El palpitar de su corazón se llenaba de una expectación inexplicable, pues se aproximaba la visita del hijo del sultán. En cada rincón, los sirvientes se afanaban con esmero para asegurar que cada detalle estuviera preparado meticulosamente. Desde la elección exquisita de la cena hasta la presentación impecable de los postres, todo estaba dispuesto para honrar la llegada de un invitado tan distinguido. En medio de este bullicio de preparativos, Clarice se encontraba dedicada a los últimos toques de la preparación de su sultana. Cuidadosamente, peinaba los cabellos de esta noble dama, cada movimiento un gesto de afecto y devoción. Los reflejos dorados de la luz de las velas acariciaban los mechones sedosos, y en esos momentos íntimos, el lazo entre ambas mujeres se fortalecía aún más.

Era la expresión de un vínculo que se había forjado en días compartidos, en risas entrelazadas y lágrimas secadas por la mujer hacia la joven de apenas 15 años. Geverhan, con el tiempo, comenzó a apreciar a Clarice, encontrando en ella ecos de Mahmud, el príncipe que ahora descansaba bajo tierra. En momentos de silencio, el remordimiento la atacaba, y sus sueños se llenaban de la figura de aquel joven príncipe.

—Se ve hermosa, sultana —expresó Clarice, admirando la presencia de Geverhan.

—Agradezco tus palabras, Clarice —respondió Geverhan, levantándose con elegancia y contemplándose en el espejo—. Ven, acompáñame al jardín el príncipe Ahmed debería llegar pronto.

Clarice, con respetuosa expectación, siguió los pasos de Geverhan. La joven estaba fascinada por la sabiduría y la gracia de la mujer a la que servía, comprometida a aprender cada detalle, especialmente el idioma que se deslizaba entre sus labios.

—¡Atención, el príncipe Ahmed ha llegado! —anunció con solemnidad uno de los guardias, interrumpiendo la tranquilidad del momento.

El sonido de los caballos y el carruaje llegando atrajo la atención de todos.
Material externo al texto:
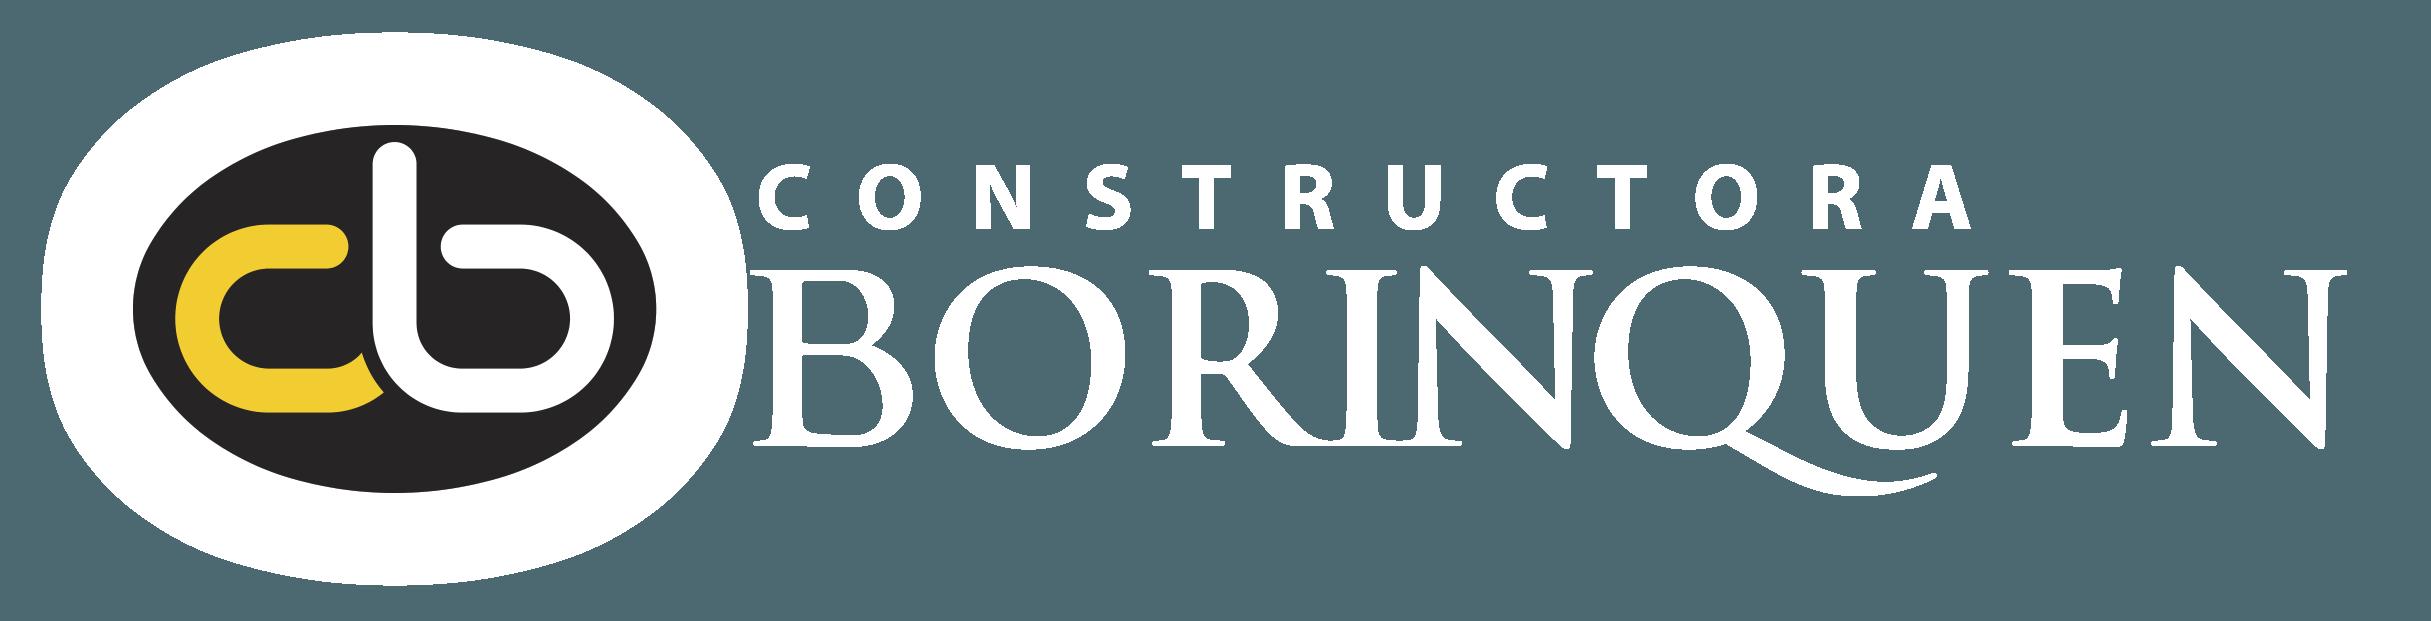 Logo Constructora Borinquen

Clarice, al reconocer la importancia del momento, inclinó respetuosamente la cabeza en dirección a la familia real.

—Mi querido Ahmed, es un placer verte aquí —saludó Geverhan, permitiendo que el príncipe besara su mano antes de colocarla sobre su frente.

—Tía, la razón de mi alegría —respondió Ahmed con una sonrisa radiante.

—Madre —añadió, abrazando a Geverhan con afecto, gesto que fue correspondido con gusto—. Te ves tan hermosa como siempre.

—Geverhan, mi niña —saludó la madre de la sultana.

Clarice, en silenciosa observación, alzó la mirada para apreciar a la familia. La última en saludar fue la madre del príncipe, una mujer hermosa. Como cualquier otra criada haría sintió nerviosismo y curiosidad de ver al príncipe quedando un poco decepcionada pues era un poco menor que ella, y a pesar de que irradiaba una presencia única. Ella había fantaseado con un príncipe mayor, de rostro maduro y expresión ruda.

Supo que había estado mirándolo por mucho tiempo cuando sus miradas se encontraron en un instante, y en ese intercambio silencioso, sintieron la chispa de una conexión instantánea. No pronunciaron palabra alguna porque estaba prohibido para ella, pero el lenguaje de sus miradas habló de emociones que ambos apenas empezaban a comprender.

—Vamos adentro, deben estar agotados... —dijo Geverhan, tomando el brazo de su madre y dirigiéndose hacia el imponente castillo—. Clarice, ¿los aposentos están listos como te pedí?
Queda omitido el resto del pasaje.